• [TASK OBJECTIVE]:
Nothing but the lines below from the one holding "Varthema'nın seyahat notları, Batı'da" up to and including the one holding "Arredamento - Mobili" should be copied, exactly and without pictures.

--- RECORDS SUPPLIED Enclosed Below ---

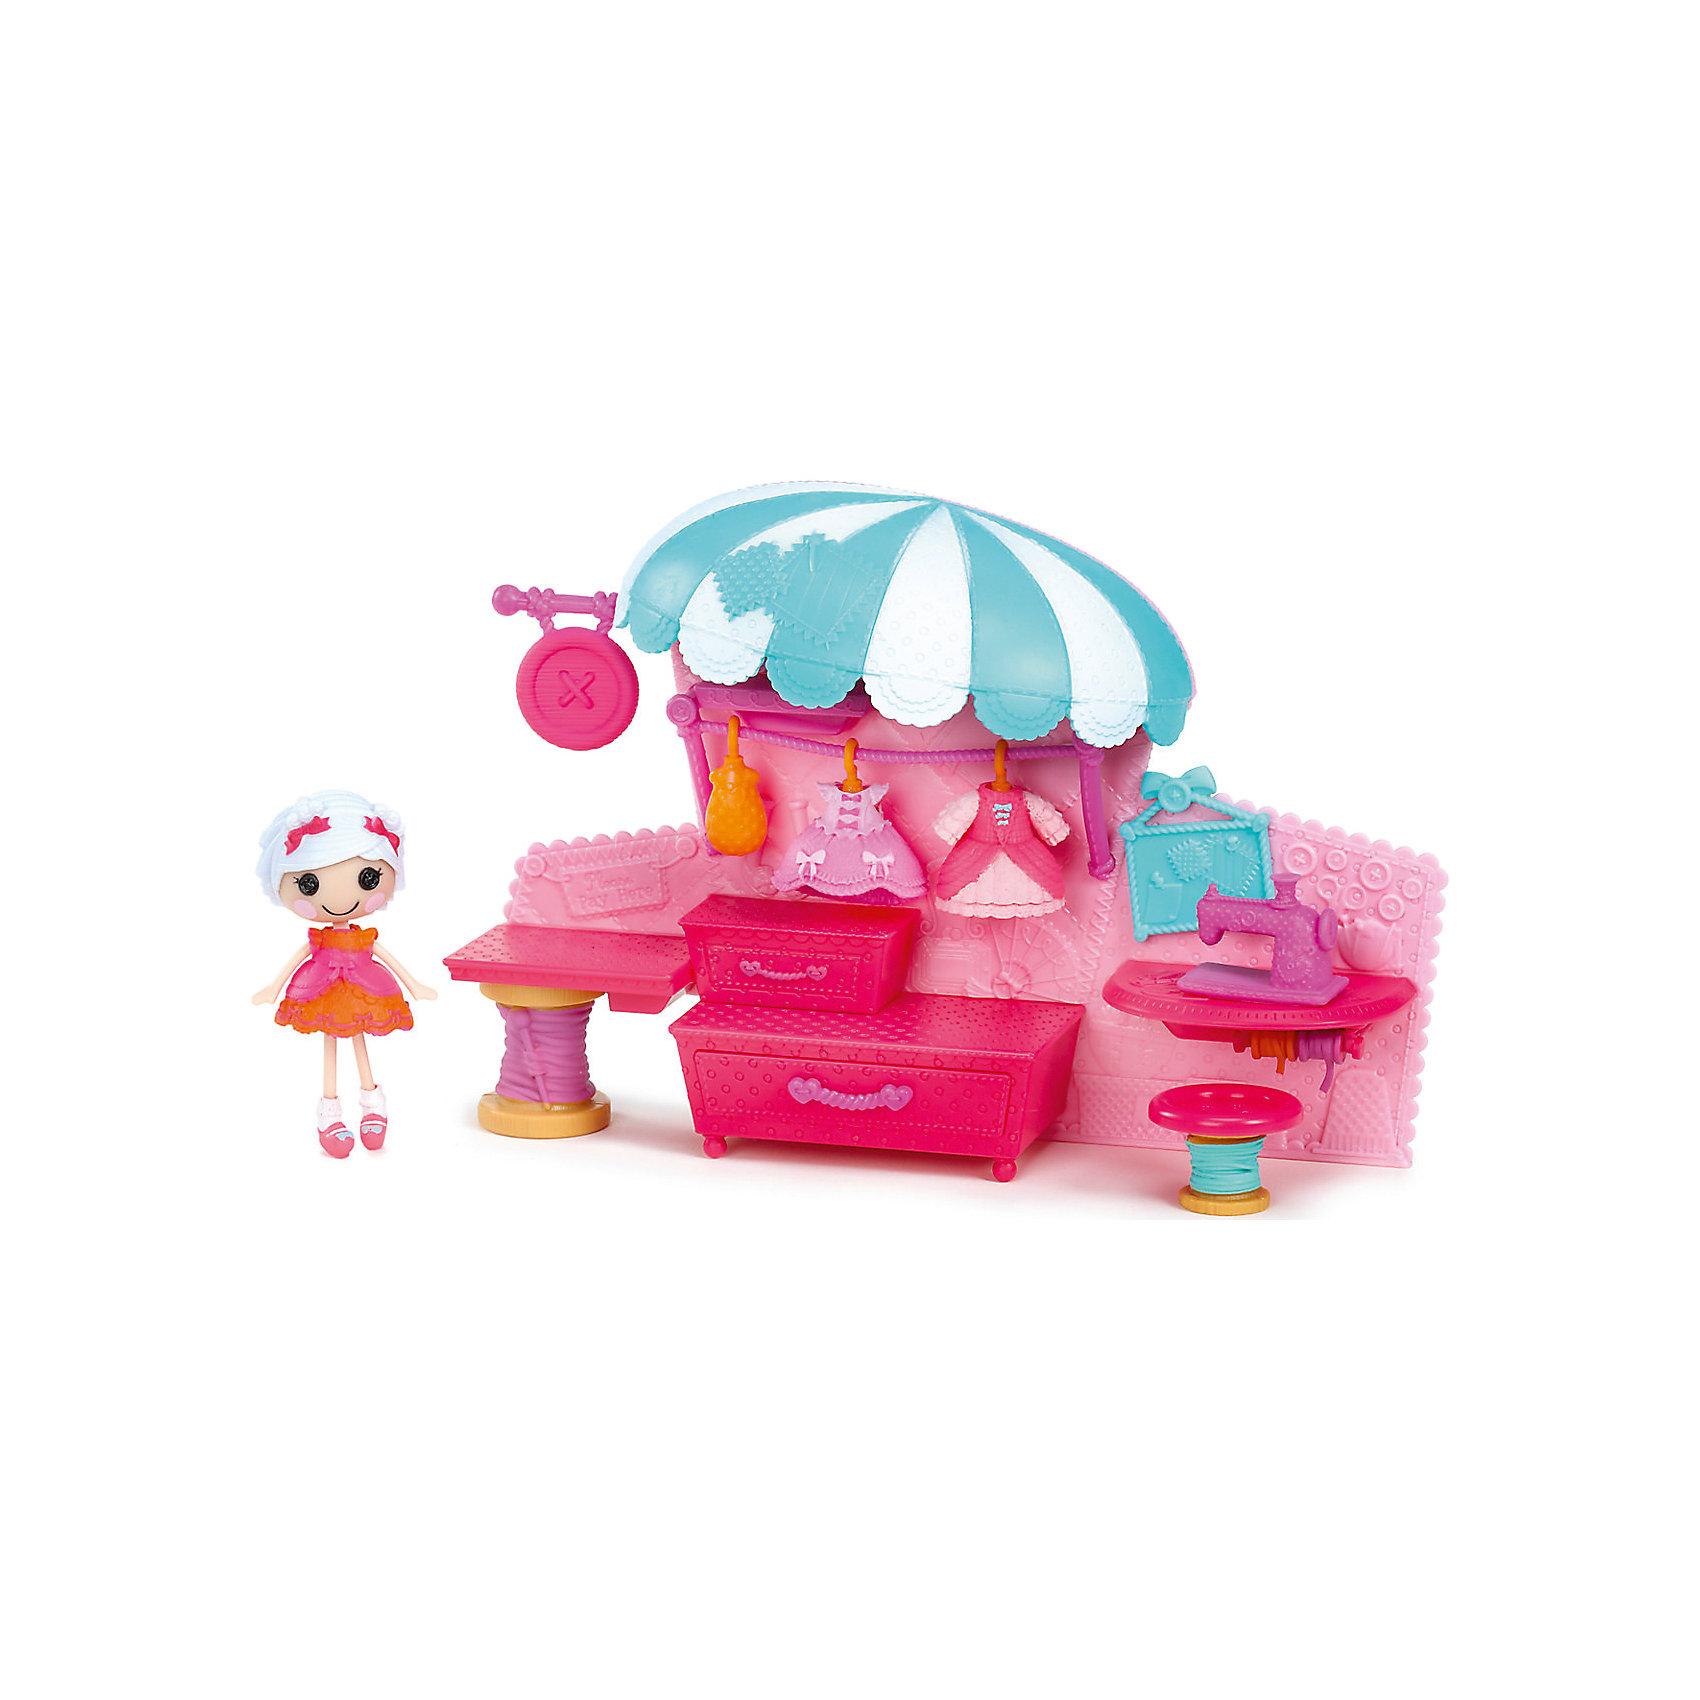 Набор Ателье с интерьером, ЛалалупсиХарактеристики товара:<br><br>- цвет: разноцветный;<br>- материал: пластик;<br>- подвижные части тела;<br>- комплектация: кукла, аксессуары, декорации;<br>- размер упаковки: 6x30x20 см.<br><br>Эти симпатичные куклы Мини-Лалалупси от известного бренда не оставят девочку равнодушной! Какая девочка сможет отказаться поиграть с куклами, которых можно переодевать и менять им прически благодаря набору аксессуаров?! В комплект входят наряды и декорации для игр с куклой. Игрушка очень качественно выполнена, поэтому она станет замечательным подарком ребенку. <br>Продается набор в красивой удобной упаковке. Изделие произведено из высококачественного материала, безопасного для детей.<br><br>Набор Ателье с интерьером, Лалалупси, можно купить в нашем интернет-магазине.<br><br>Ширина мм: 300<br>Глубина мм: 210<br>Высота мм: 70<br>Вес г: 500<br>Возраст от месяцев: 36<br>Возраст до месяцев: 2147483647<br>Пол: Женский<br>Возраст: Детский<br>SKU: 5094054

--- End of Enclosed RECORDS SUPPLIED ---
--- RECORDS SUPPLIED Enclosed Below ---

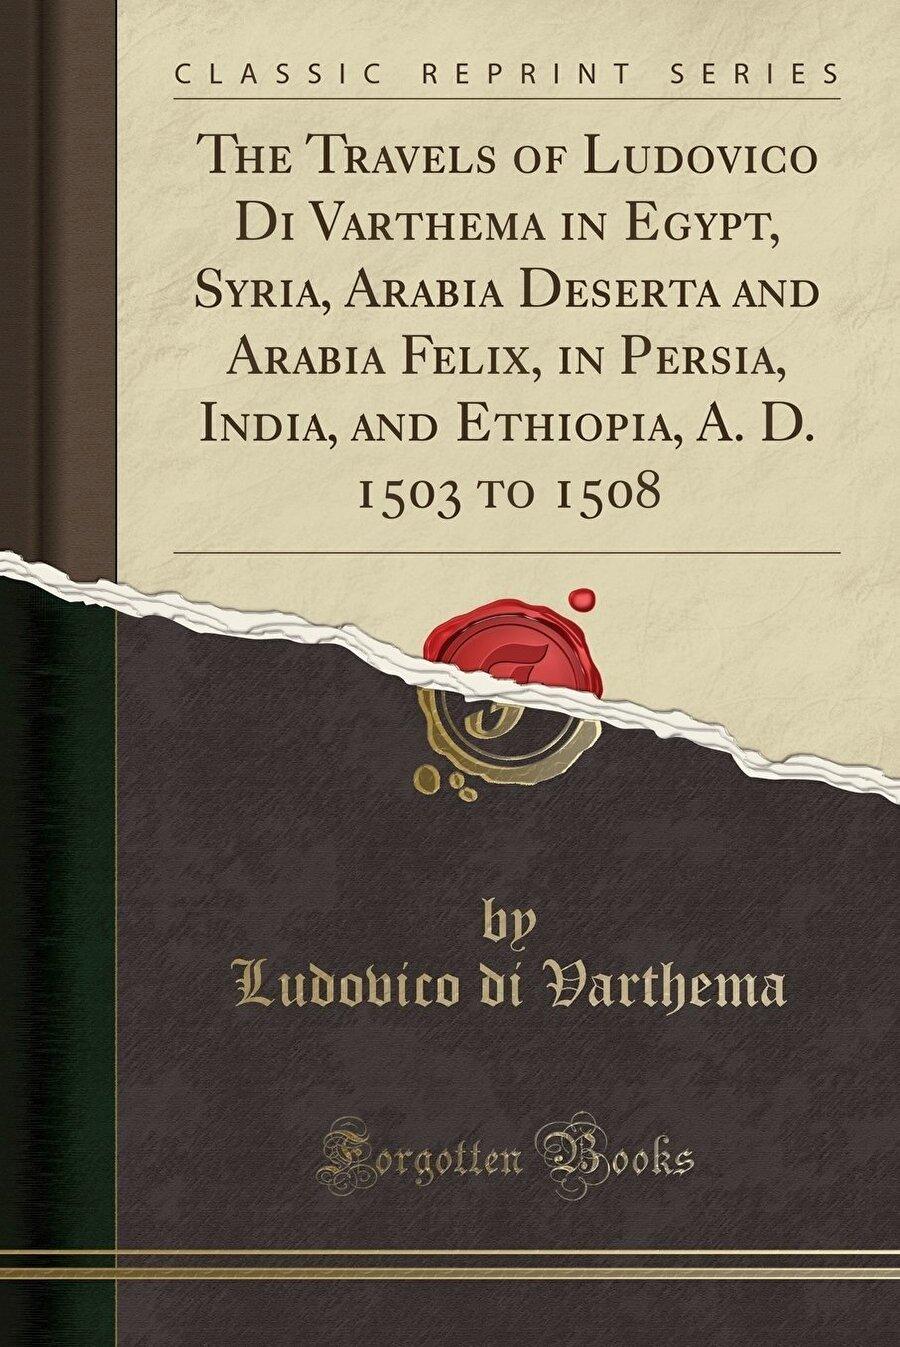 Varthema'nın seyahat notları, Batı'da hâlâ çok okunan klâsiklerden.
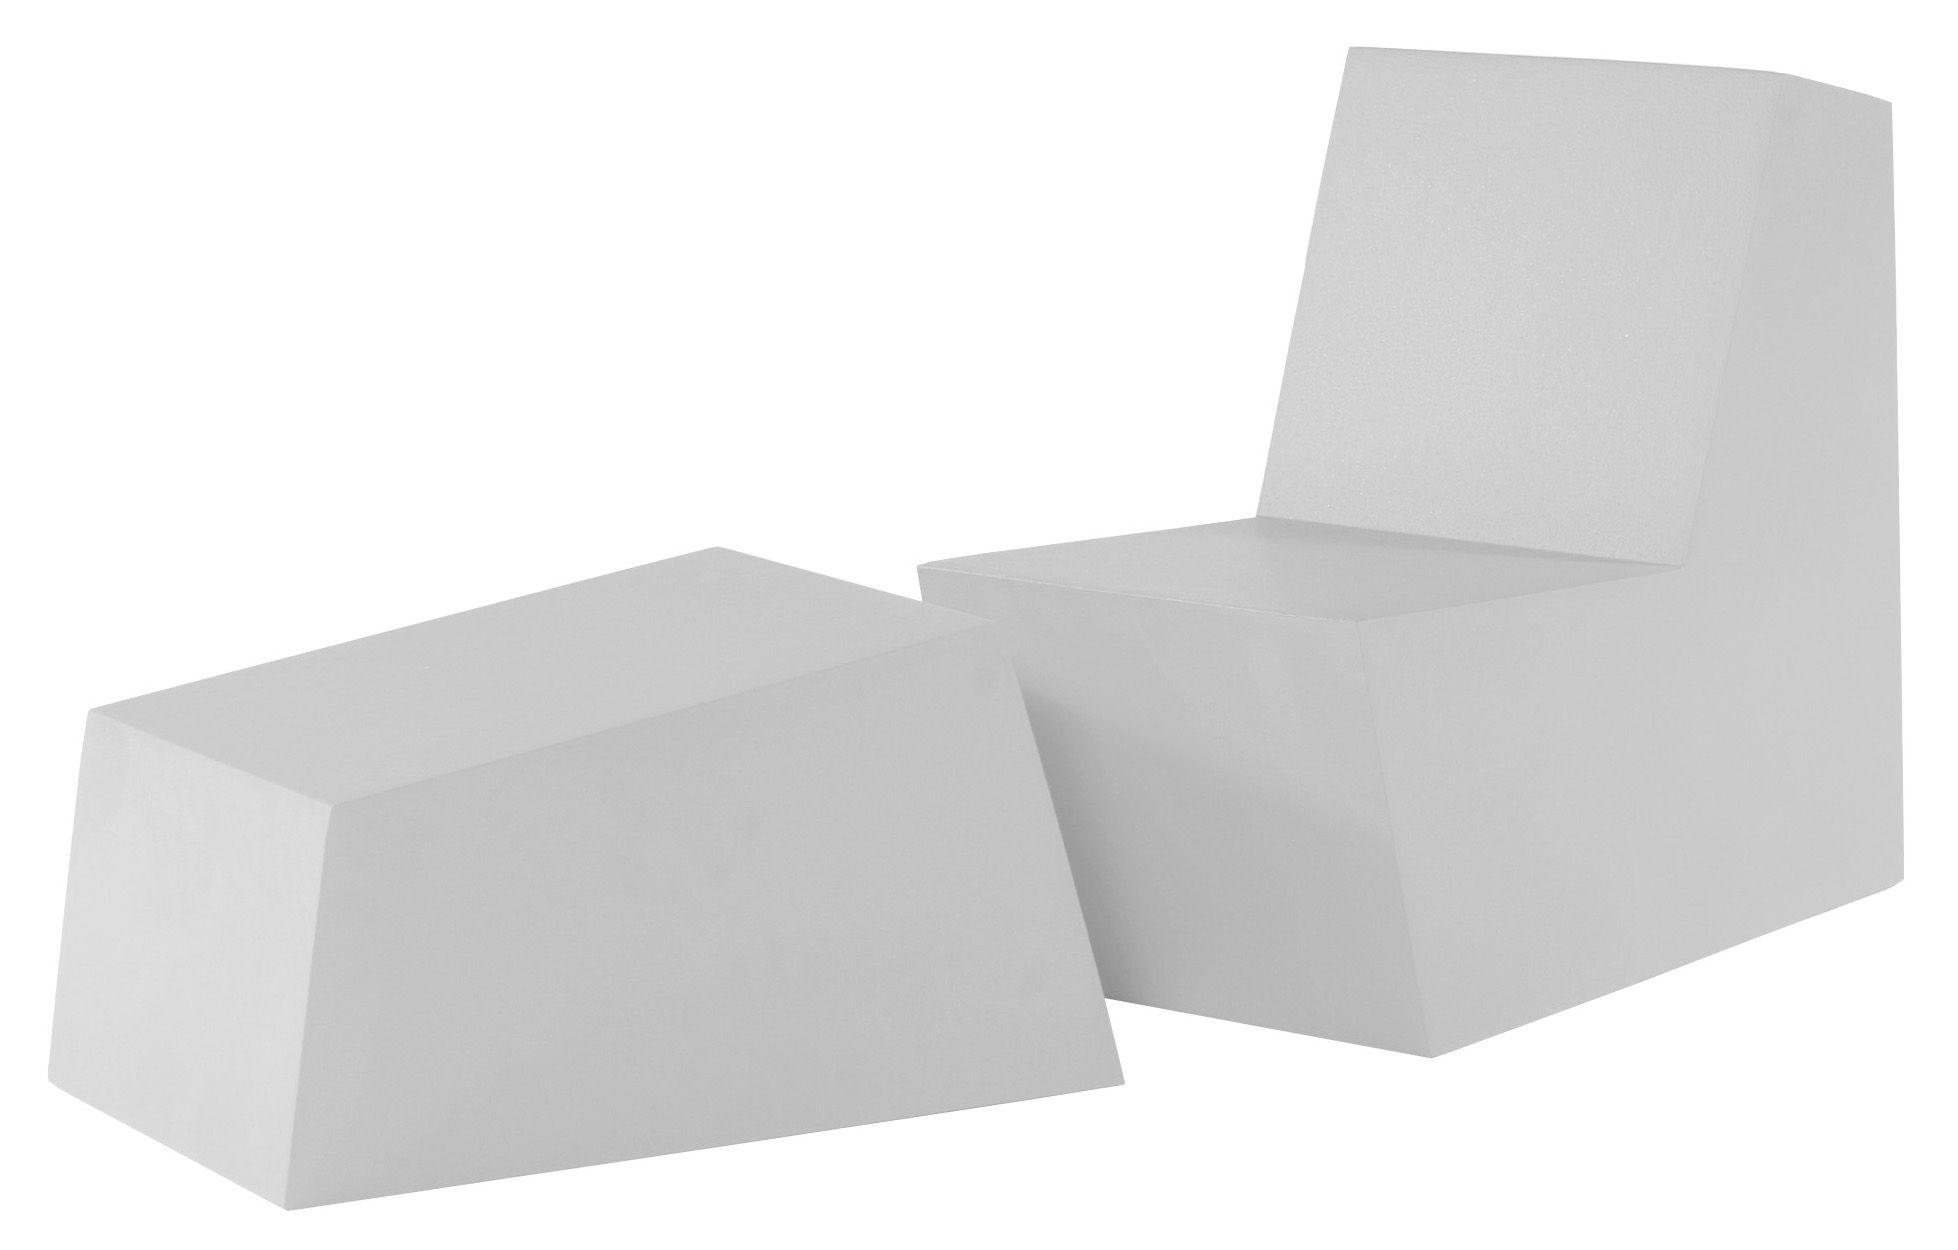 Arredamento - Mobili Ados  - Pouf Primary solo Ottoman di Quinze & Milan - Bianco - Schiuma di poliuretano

--- End of Enclosed RECORDS SUPPLIED ---

• [WORKED SOLUTION]:
 Varthema'nın seyahat notları, Batı'da hâlâ çok okunan klâsiklerden.
 Arredamento - Mobili Ados  - Pouf Primary solo Ottoman di Quinze & Milan - Bianco - Schiuma di poliuretano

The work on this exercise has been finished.